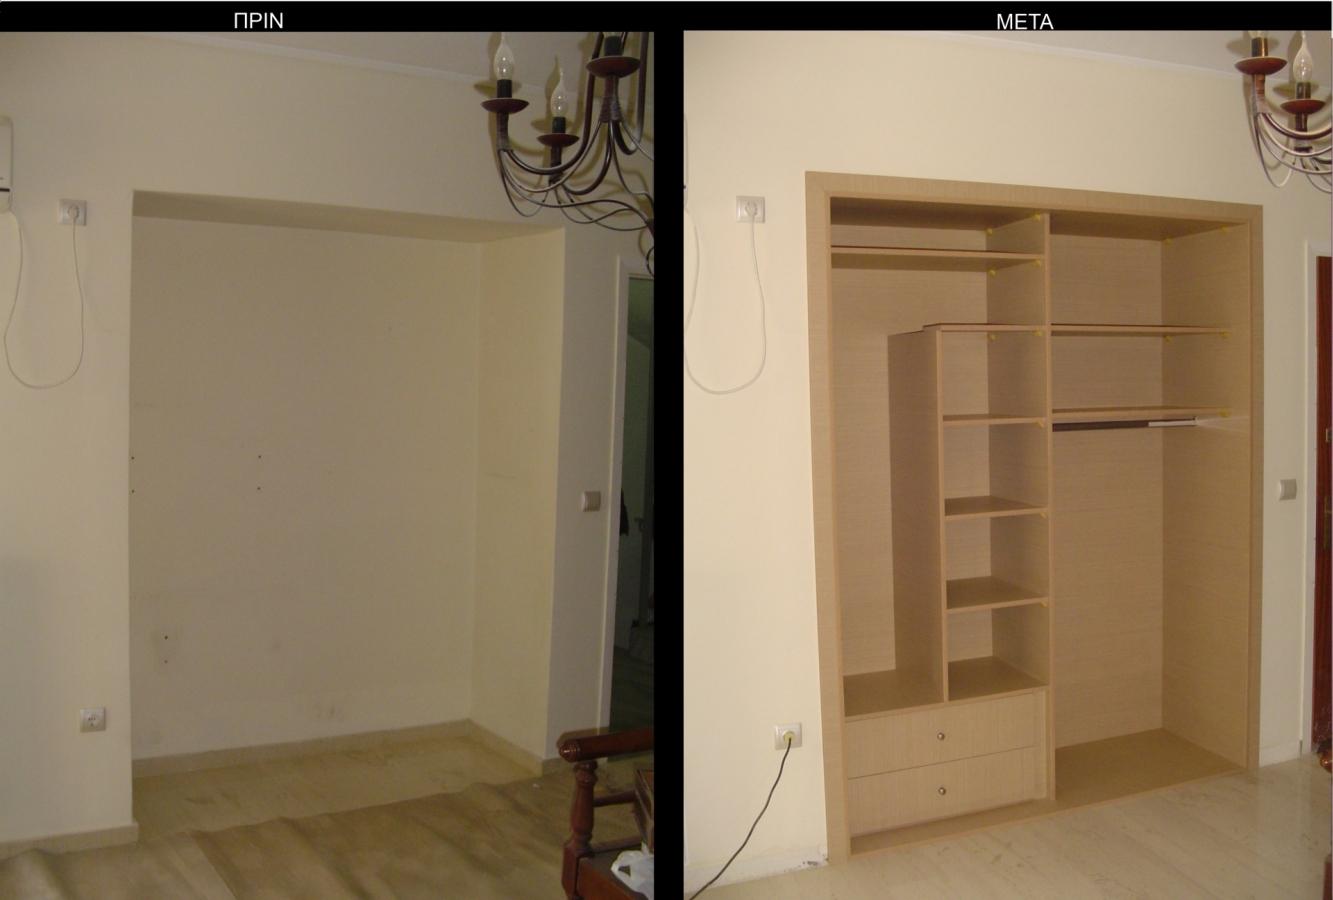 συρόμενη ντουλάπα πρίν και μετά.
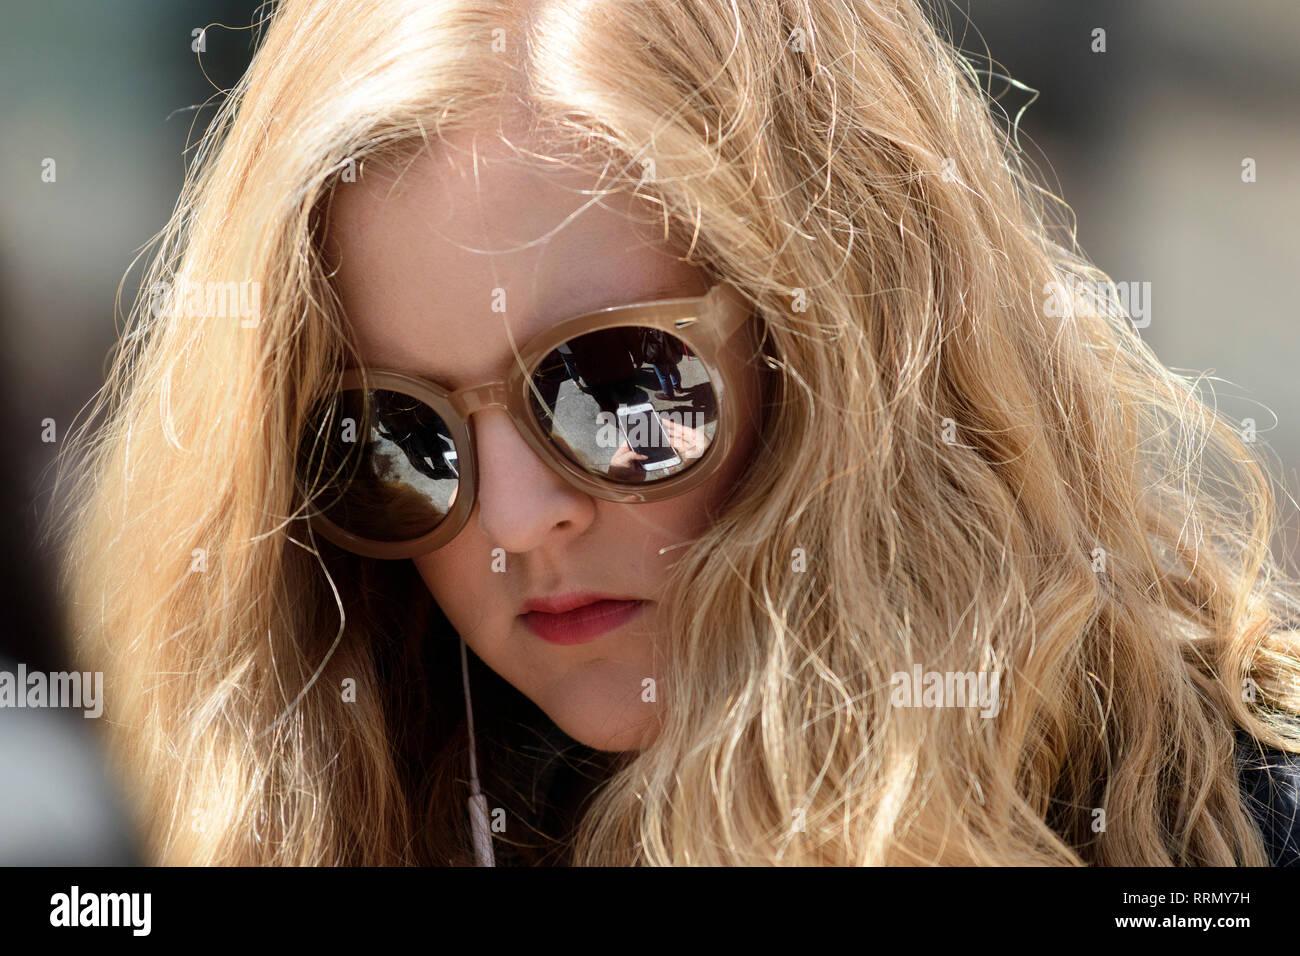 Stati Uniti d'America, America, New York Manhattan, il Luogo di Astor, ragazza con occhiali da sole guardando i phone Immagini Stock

※ ※ ※

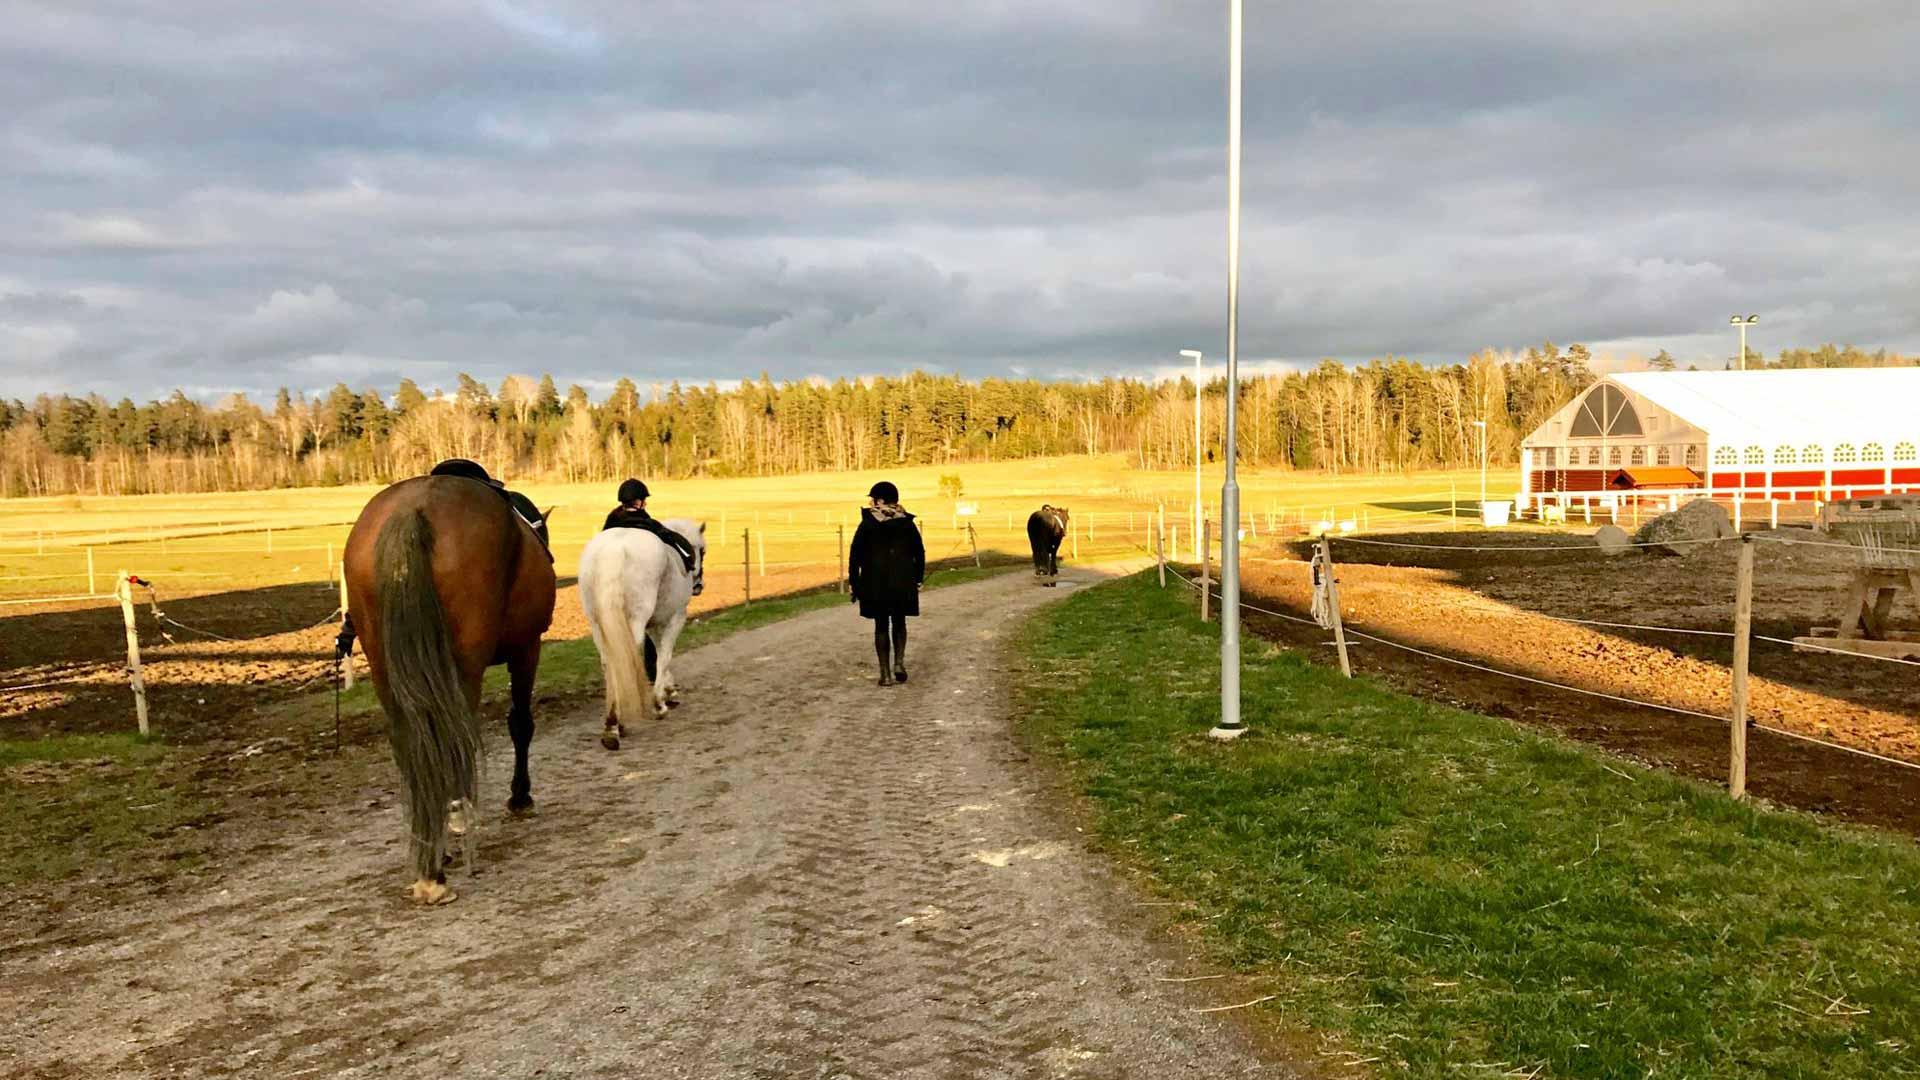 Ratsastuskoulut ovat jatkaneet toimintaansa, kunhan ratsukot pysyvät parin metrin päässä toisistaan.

※ ※ ※

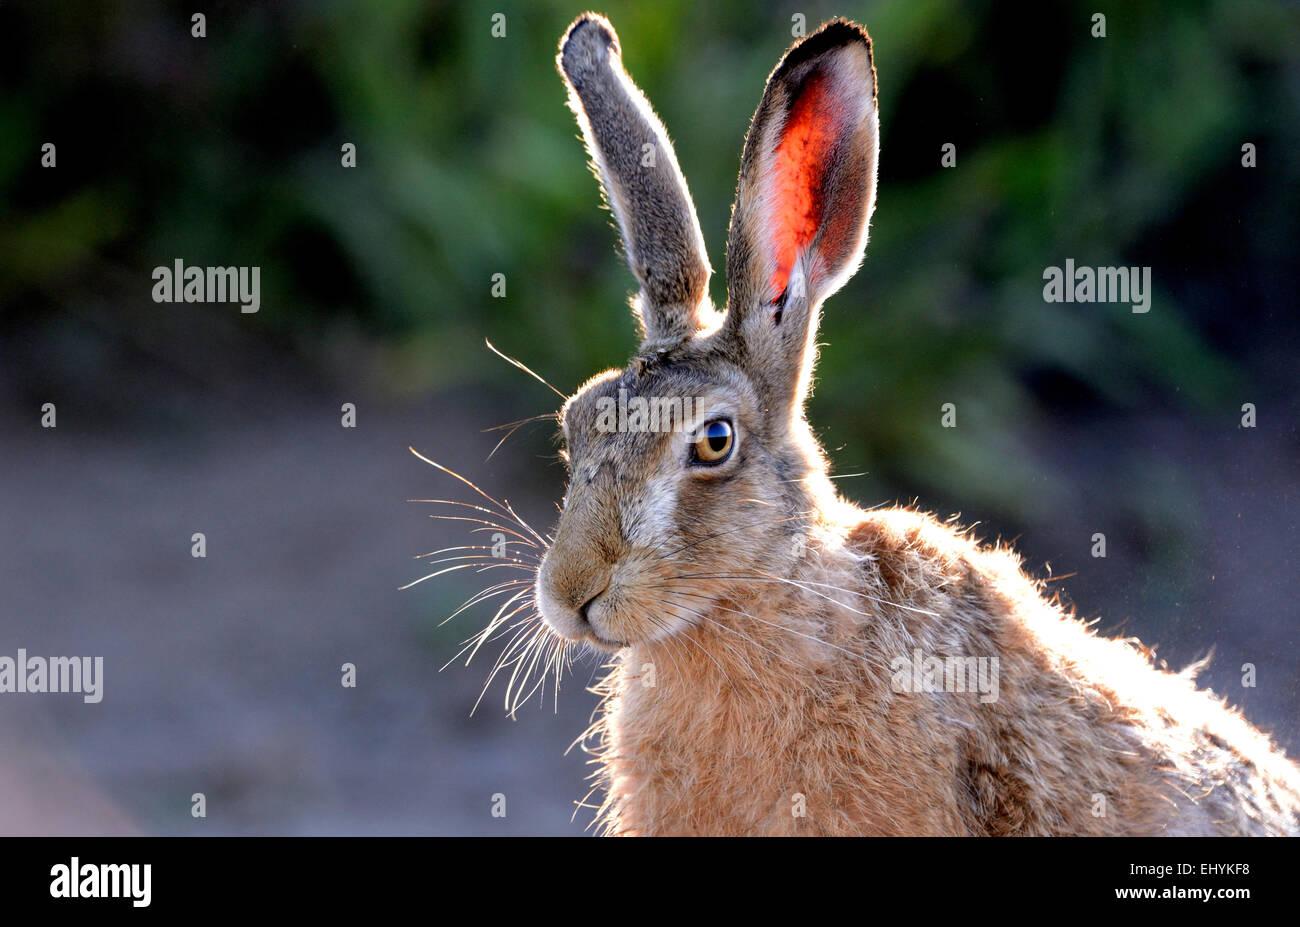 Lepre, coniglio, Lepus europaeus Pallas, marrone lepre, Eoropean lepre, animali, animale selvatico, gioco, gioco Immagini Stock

※ ※ ※

### Work required
What is needed is an exact copy of the lines above from the one with "συρόμενη ντουλάπα πρίν και μετά." to the one with "Stati Uniti d'America, America, New", both ends kept, and nothing more; please leave the pictures out.

### Solution to this problem
 συρόμενη ντουλάπα πρίν και μετά.
 Stati Uniti d'America, America, New York Manhattan, il Luogo di Astor, ragazza con occhiali da sole guardando i phone Immagini Stock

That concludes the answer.